*What to produce*:
Return the listing exactly as it appears, but strip out the images.
#### Information provided
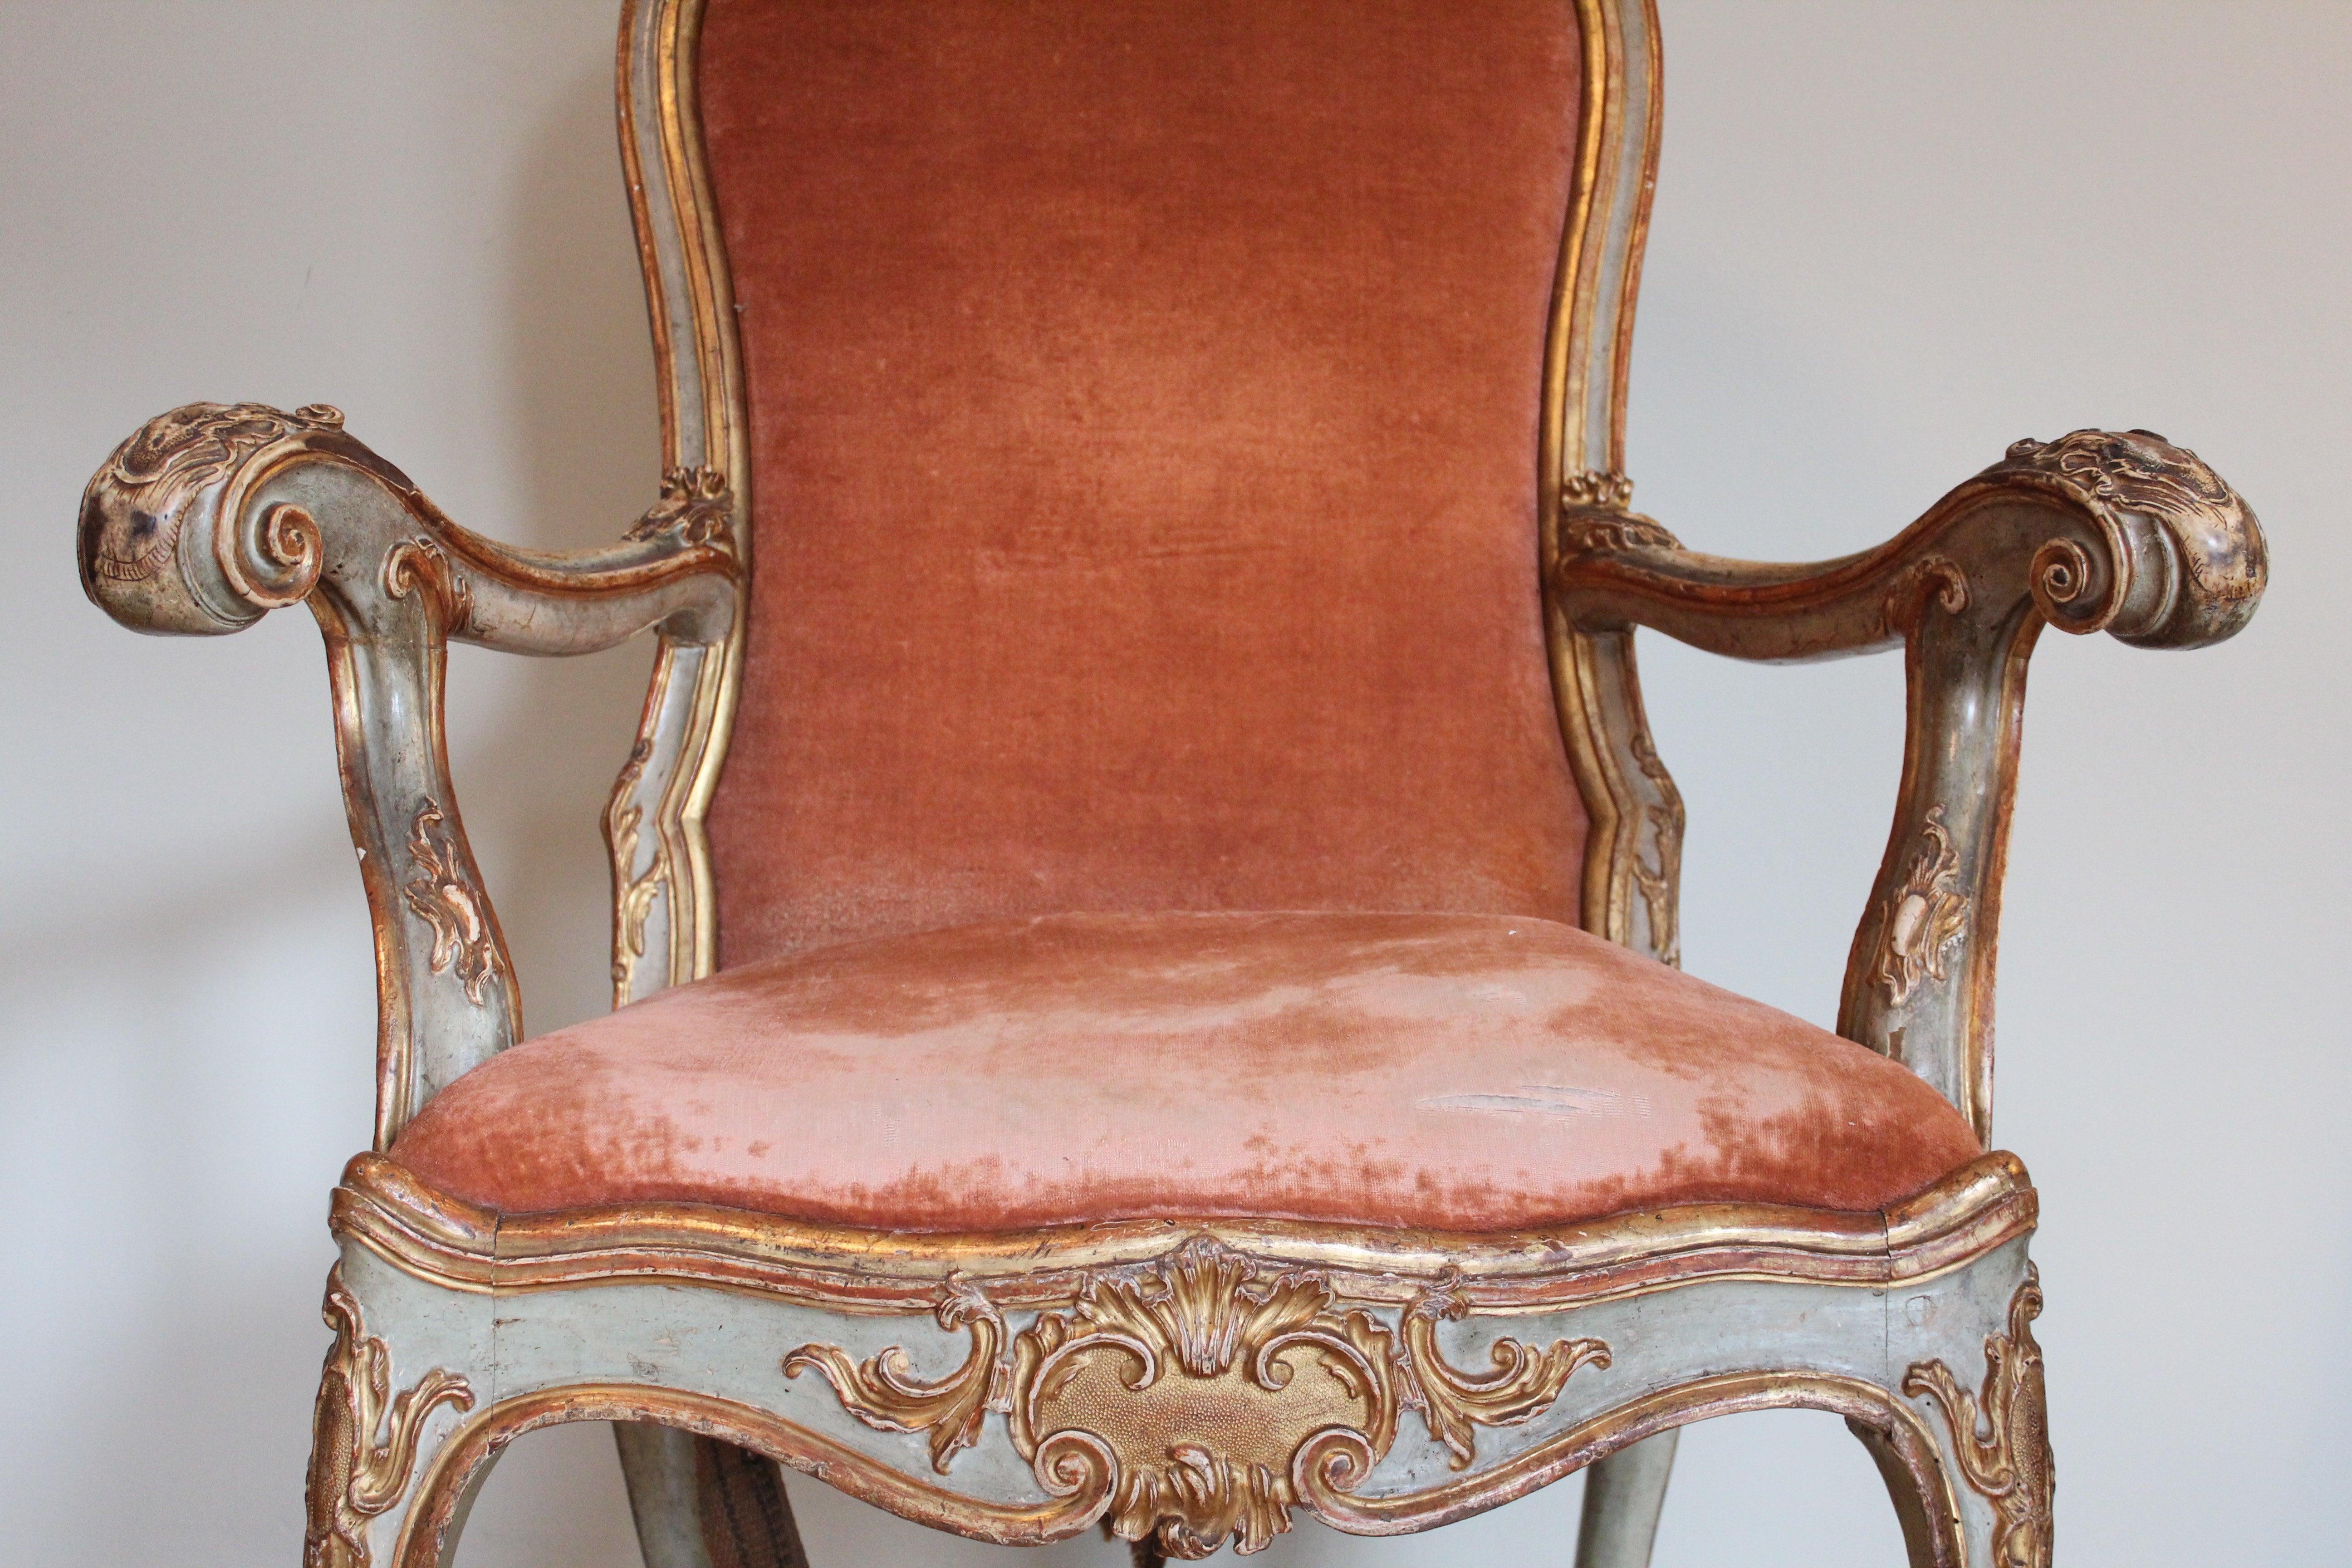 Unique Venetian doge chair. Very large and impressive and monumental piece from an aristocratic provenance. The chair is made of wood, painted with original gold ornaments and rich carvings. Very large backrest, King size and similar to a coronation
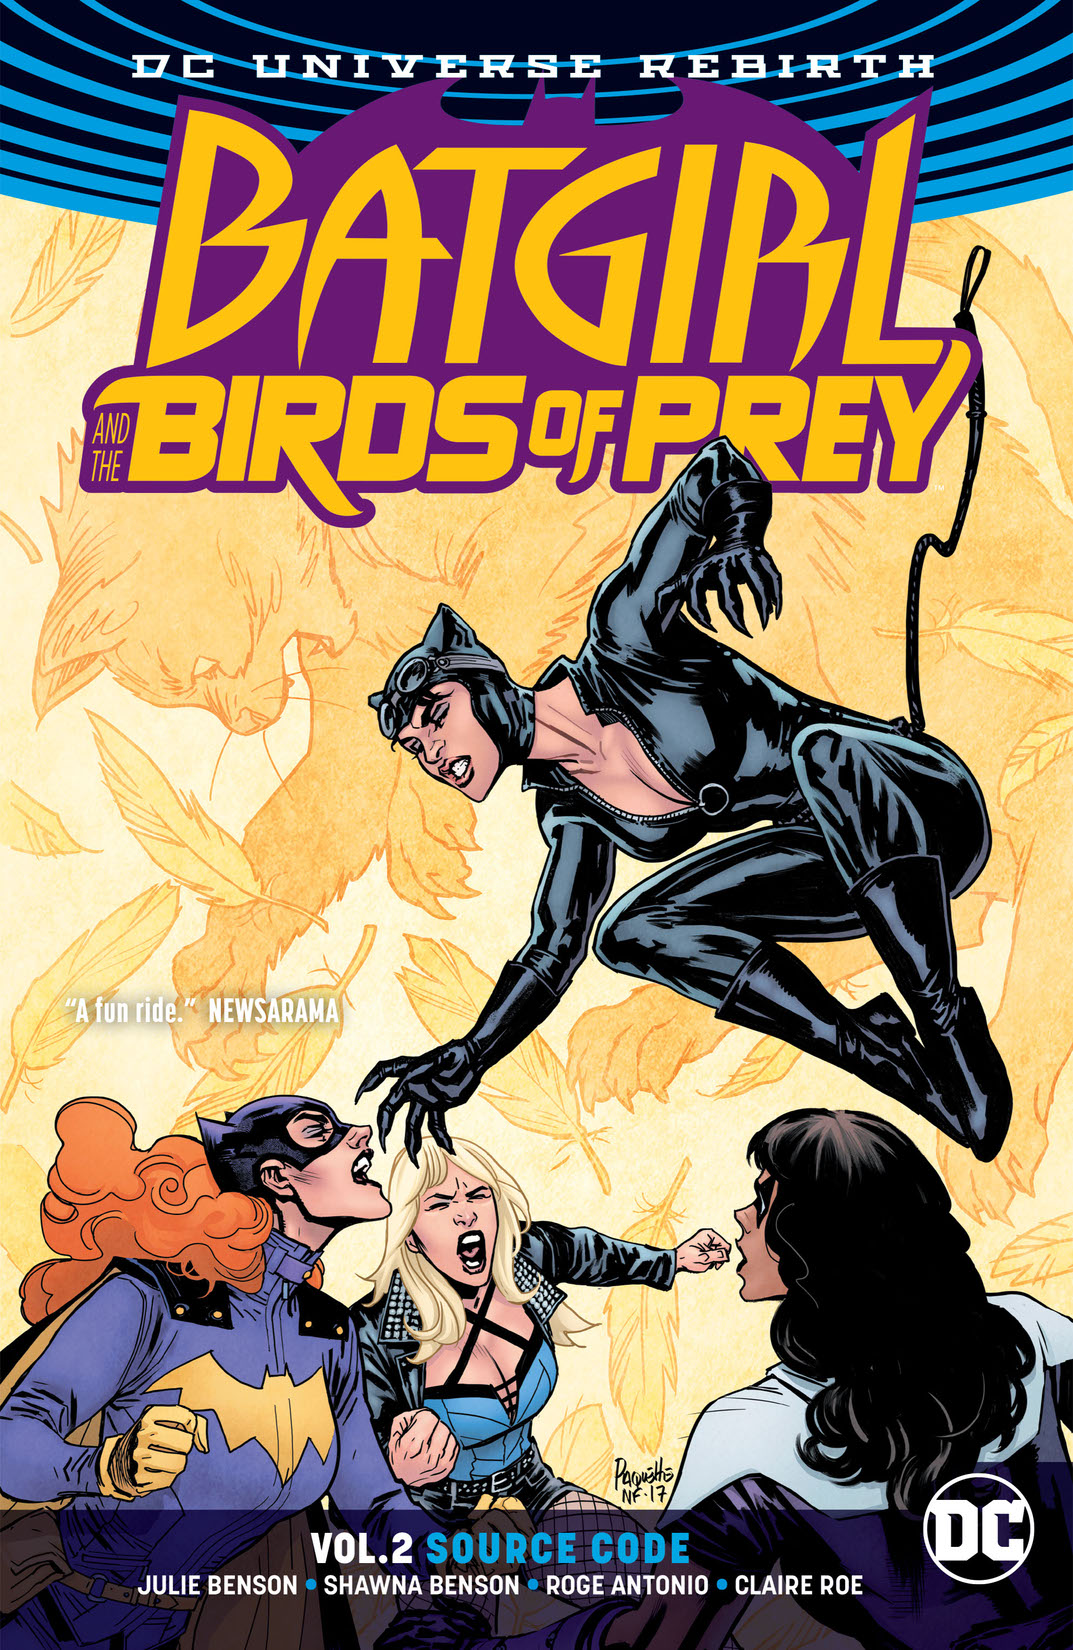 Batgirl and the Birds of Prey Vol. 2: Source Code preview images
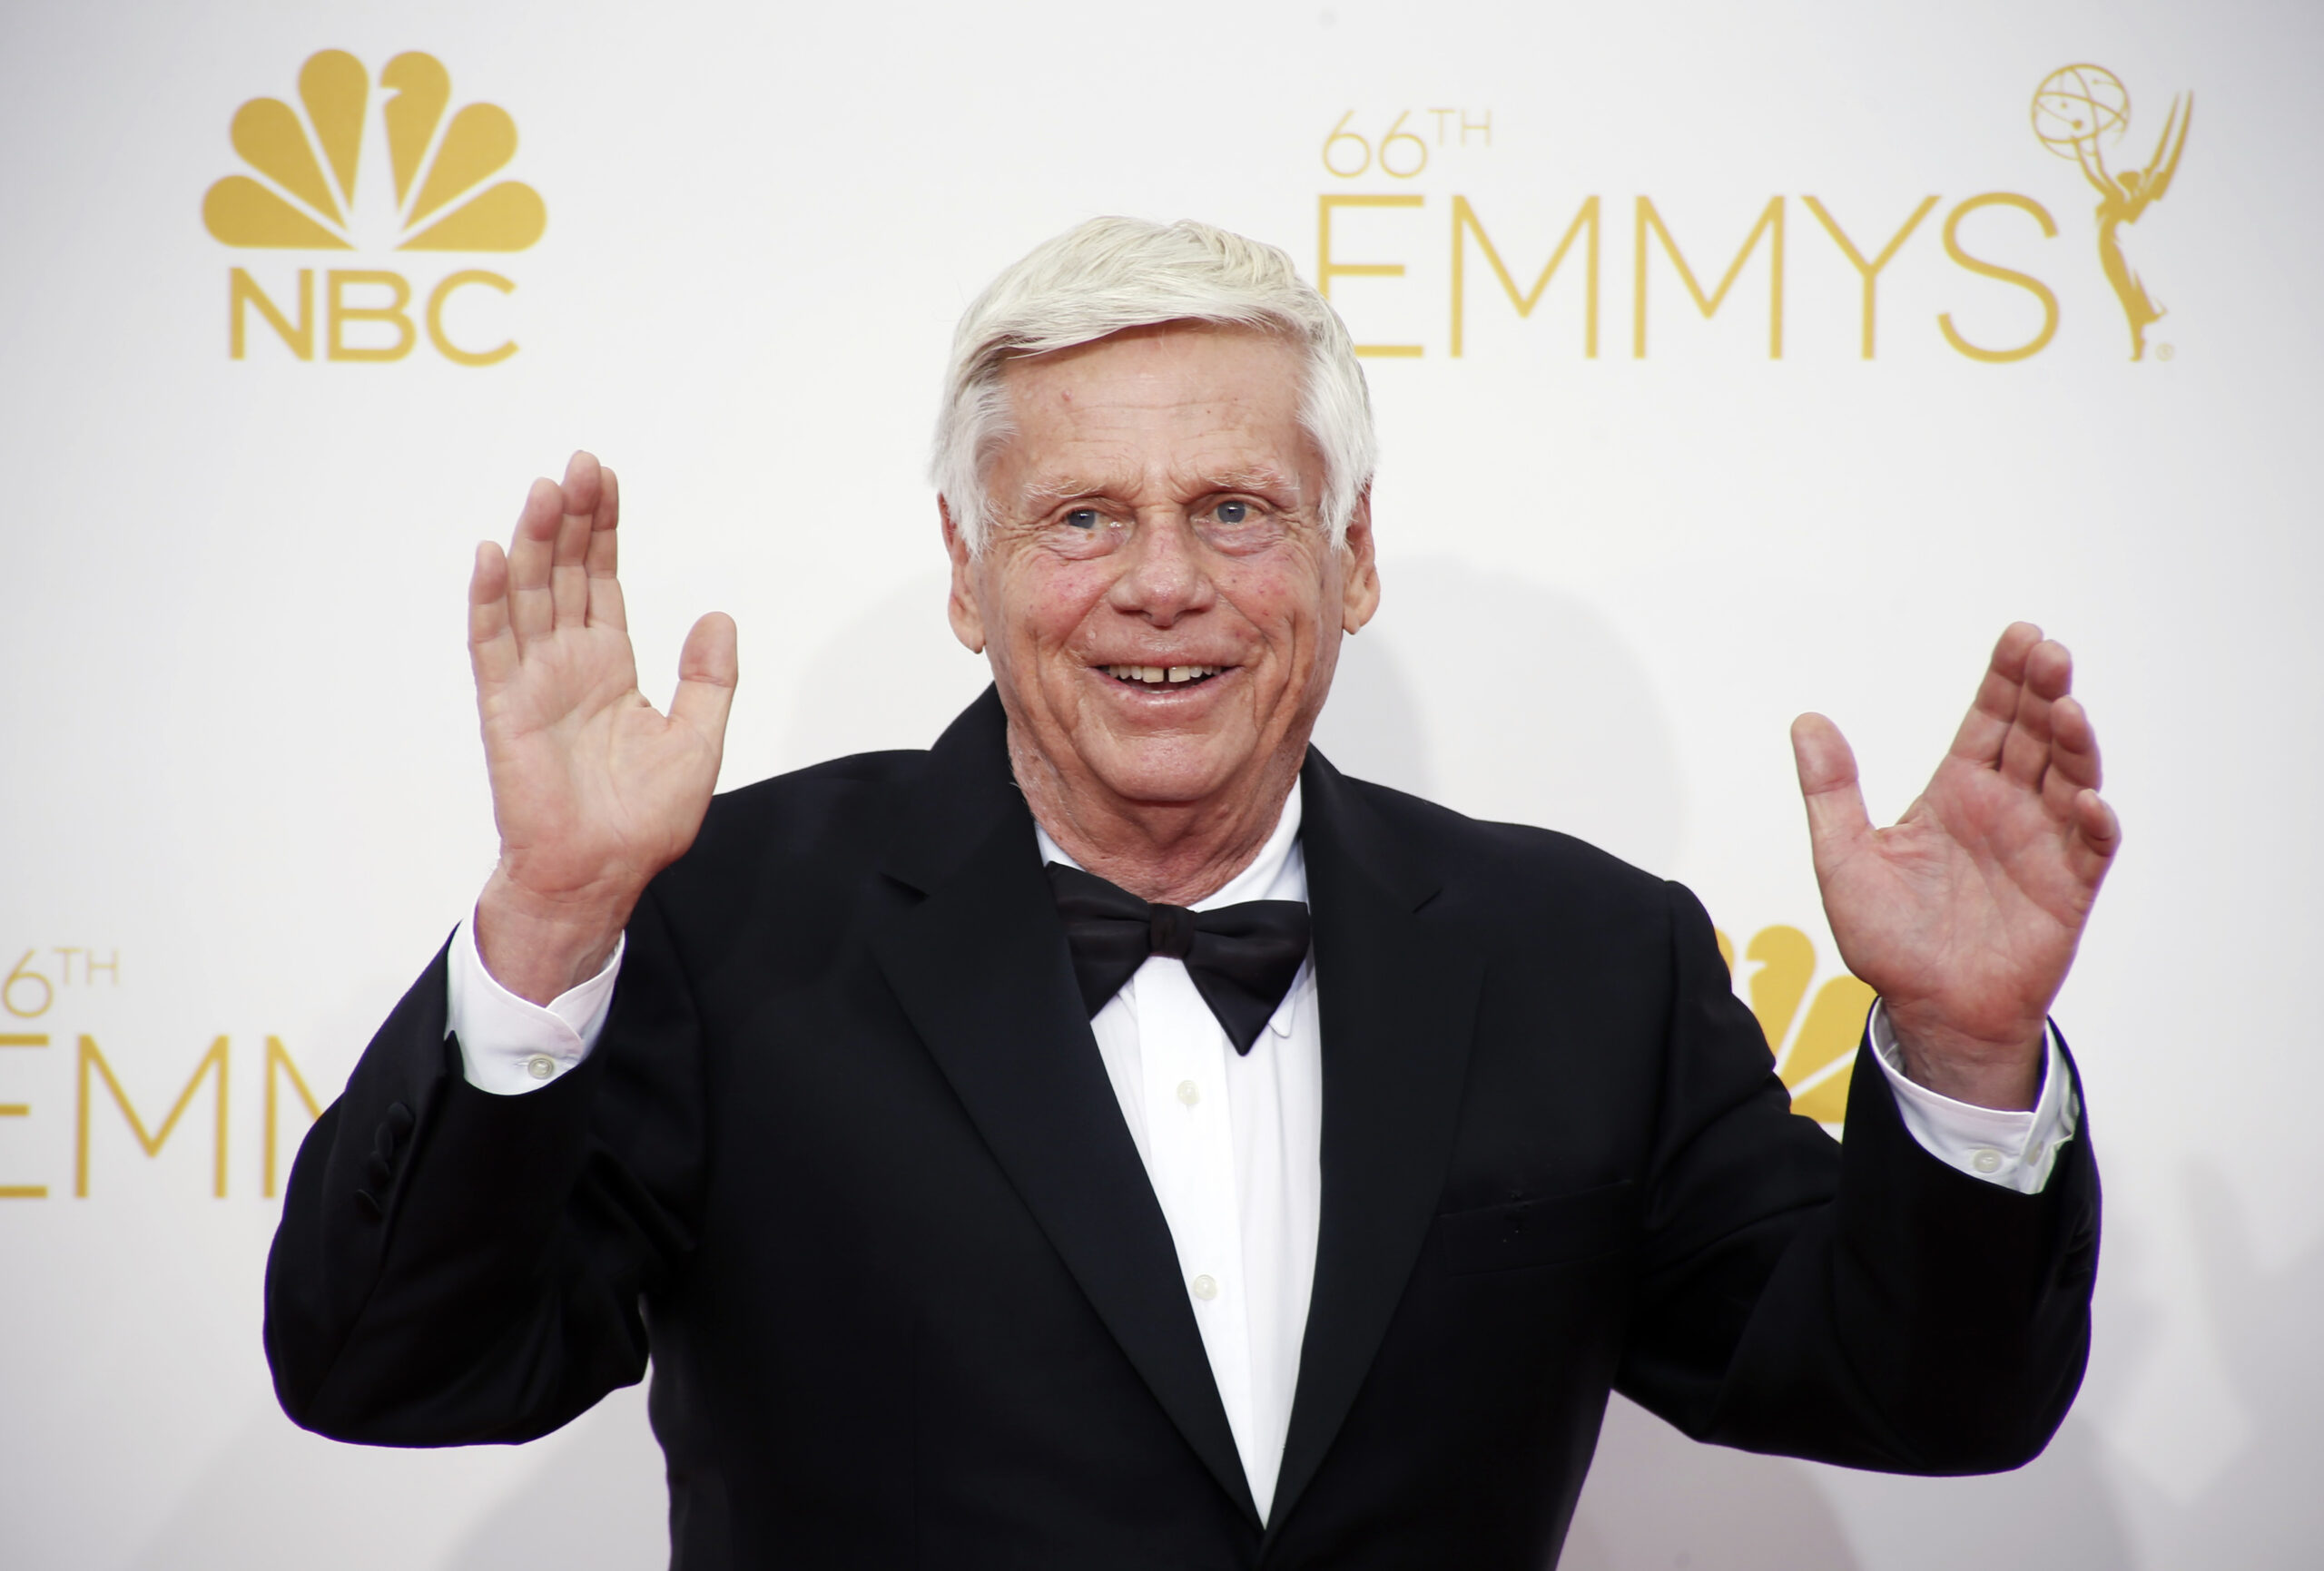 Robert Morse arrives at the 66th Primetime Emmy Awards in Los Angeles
########
*Response area*:
 Unique Venetian doge chair. Very large and impressive and monumental piece from an aristocratic provenance. The chair is made of wood, painted with original gold ornaments and rich carvings. Very large backrest, King size and similar to a coronation
 Batgirl and the Birds of Prey Vol. 2: Source Code preview images
 Robert Morse arrives at the 66th Primetime Emmy Awards in Los Angeles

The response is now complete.